= Fritz Katz =

Fritz Katz (born in 1898 in Zaborze near Hindenburg, Prussian Silesia; died in 1969 in Athens) was a pioneer in organ transplant techniques, performing one of the first successful grafts of adrenal glands.

After appointments at the medical faculties at Breslau, Fribourg, Frankfurt and Berlin, in the late 1920s he went to Alexandria, Egypt, where he became the chief surgeon at the Jewish Hospital. The hospital was supported by donations from the Jewish community; its staff were of all faiths and its services were freely available to Jews, Christians, Muslims and others.
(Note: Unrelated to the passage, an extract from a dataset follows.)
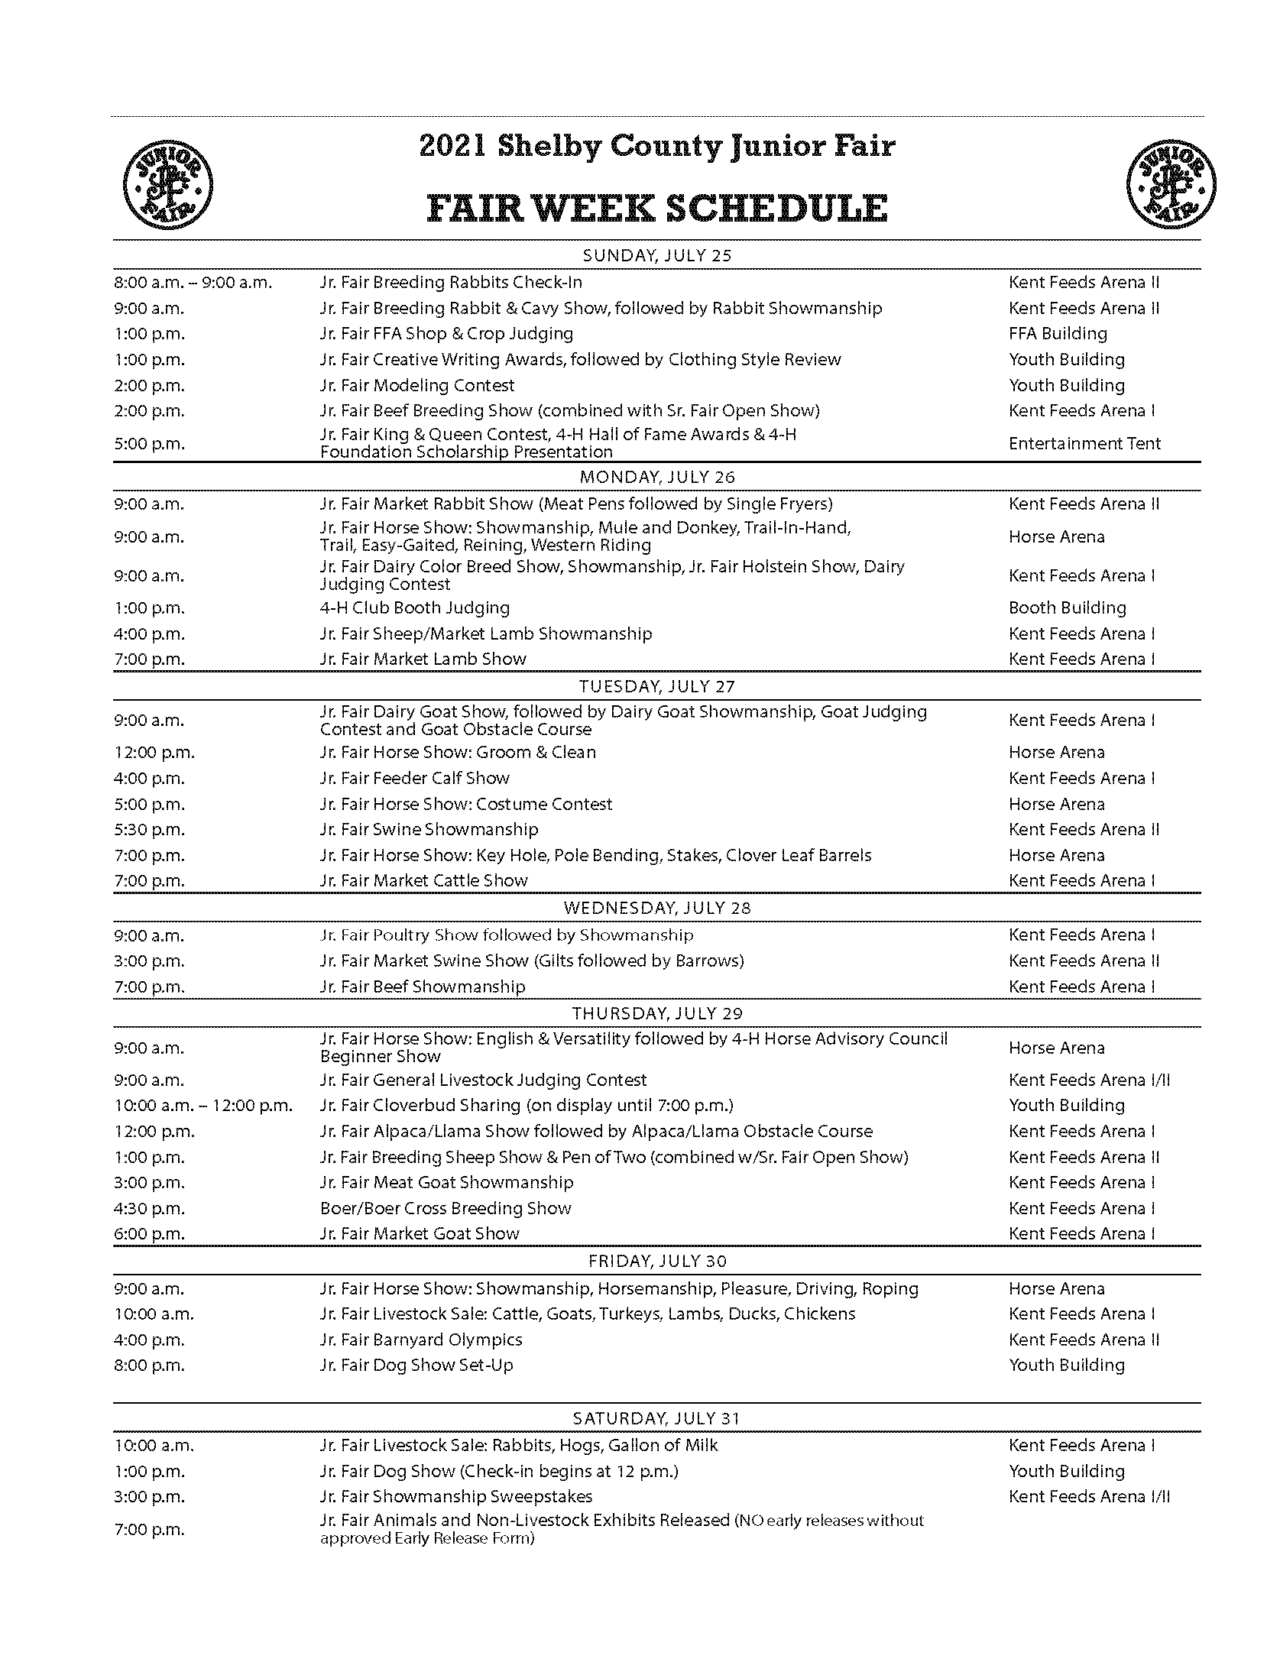 Jr. Fair Schedule Shelby County Fair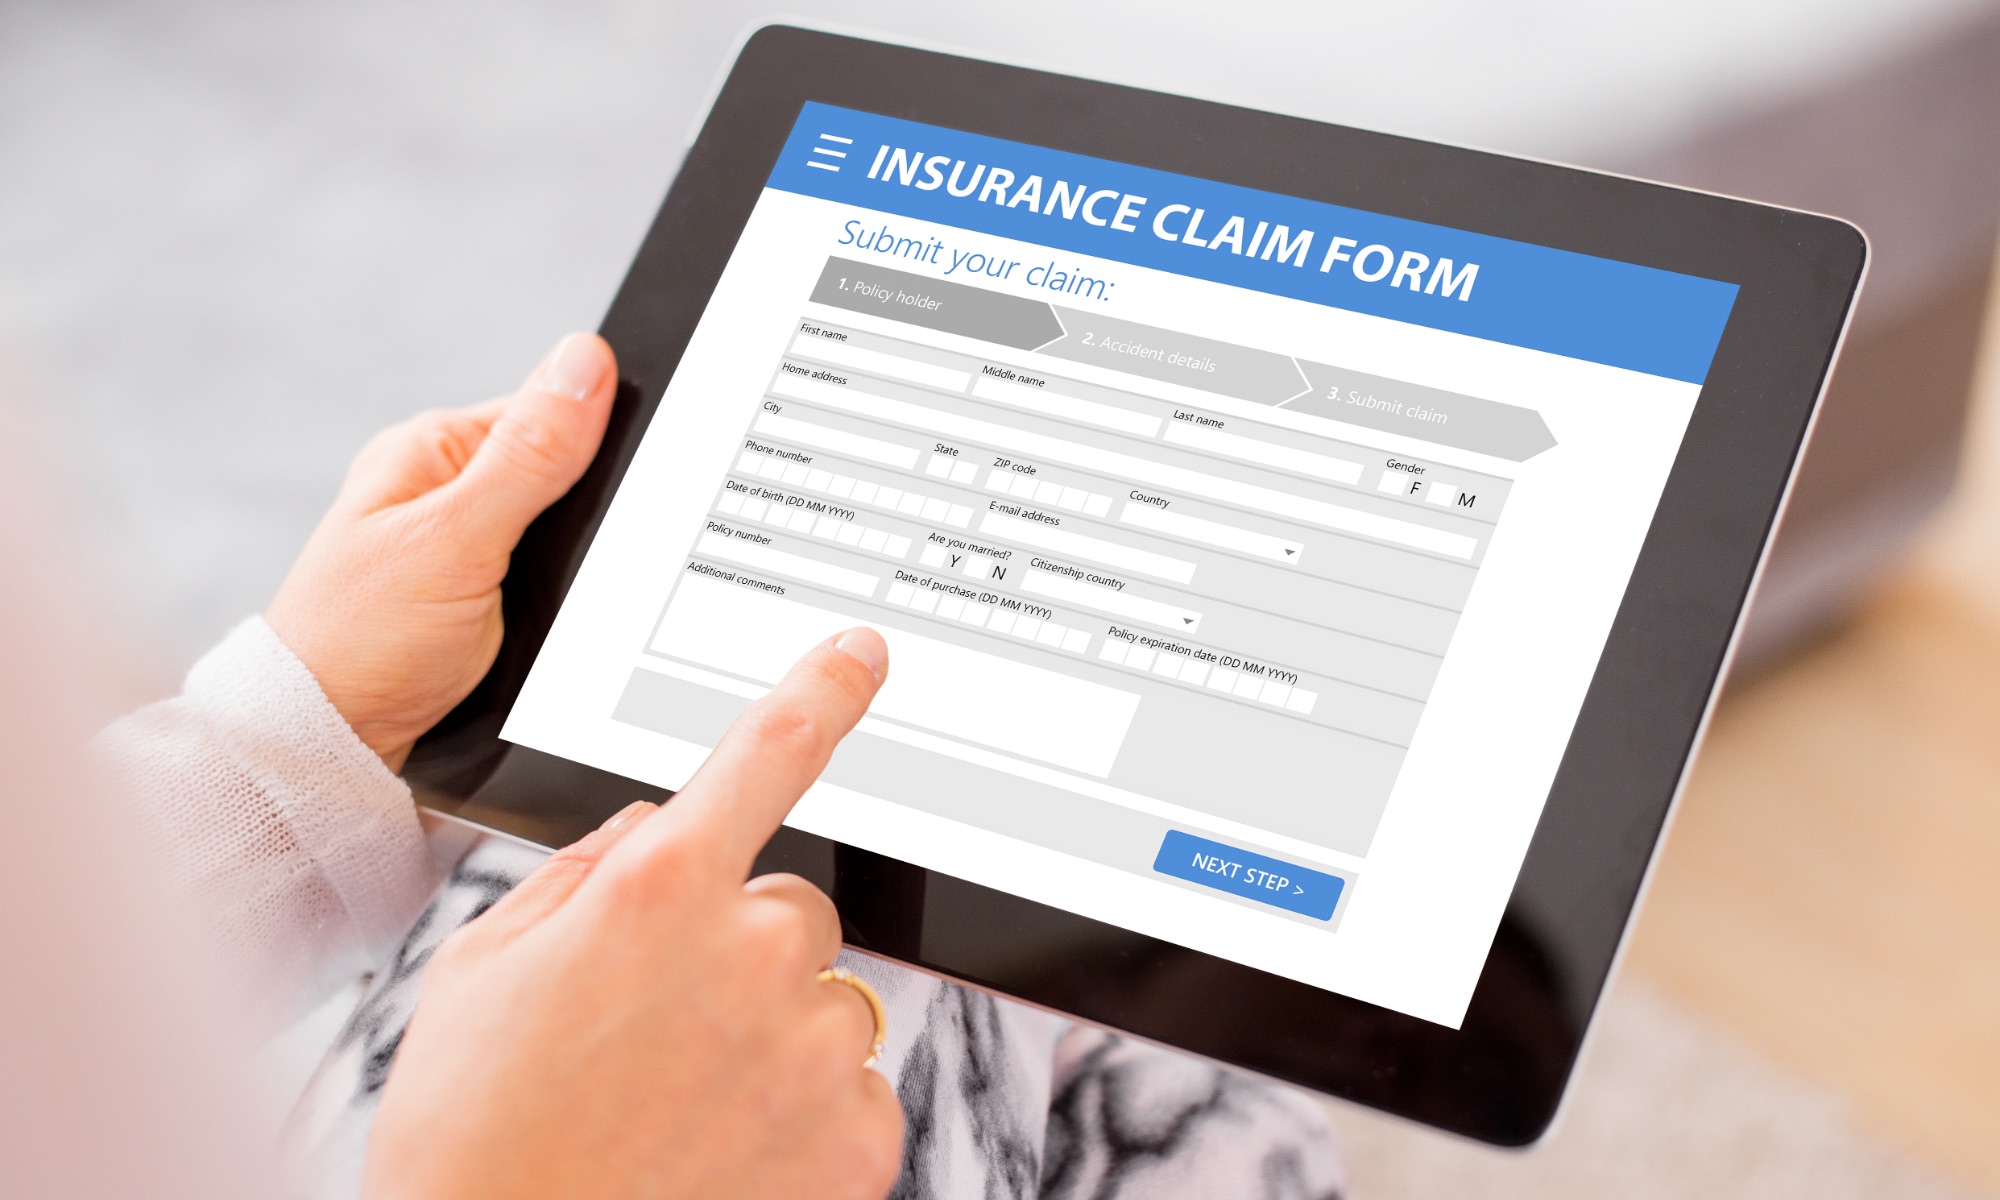 Insurance Claim Form on Tablet

In 1941, as reported in the British Medical Journal, Dr Katz performed one of the first successful adrenal gland grafts in medical history, saving the life of a patient who had not responded to synthetic hormones and drugs.

Katz was a very public figure, widely known and greatly admired in Alexandria, and had a tendency to be outspoken, a quality which did not put him in good stead with the Nasser regime. In 1959 he was charged with spying for Israel; he was tortured, convicted, and sentenced to death, but the sentence was commuted to life and in 1962 he was released following diplomatic intervention by the West German government and many professional testimonials from around the world. By then almost the entire Jewish community in Alexandria and the rest of Egypt had been driven out by the regime. Broken by his experiences in prison, Katz lived out the remainder of his life quietly in Switzerland and died while on a visit to Athens in 1969 at the age of 71.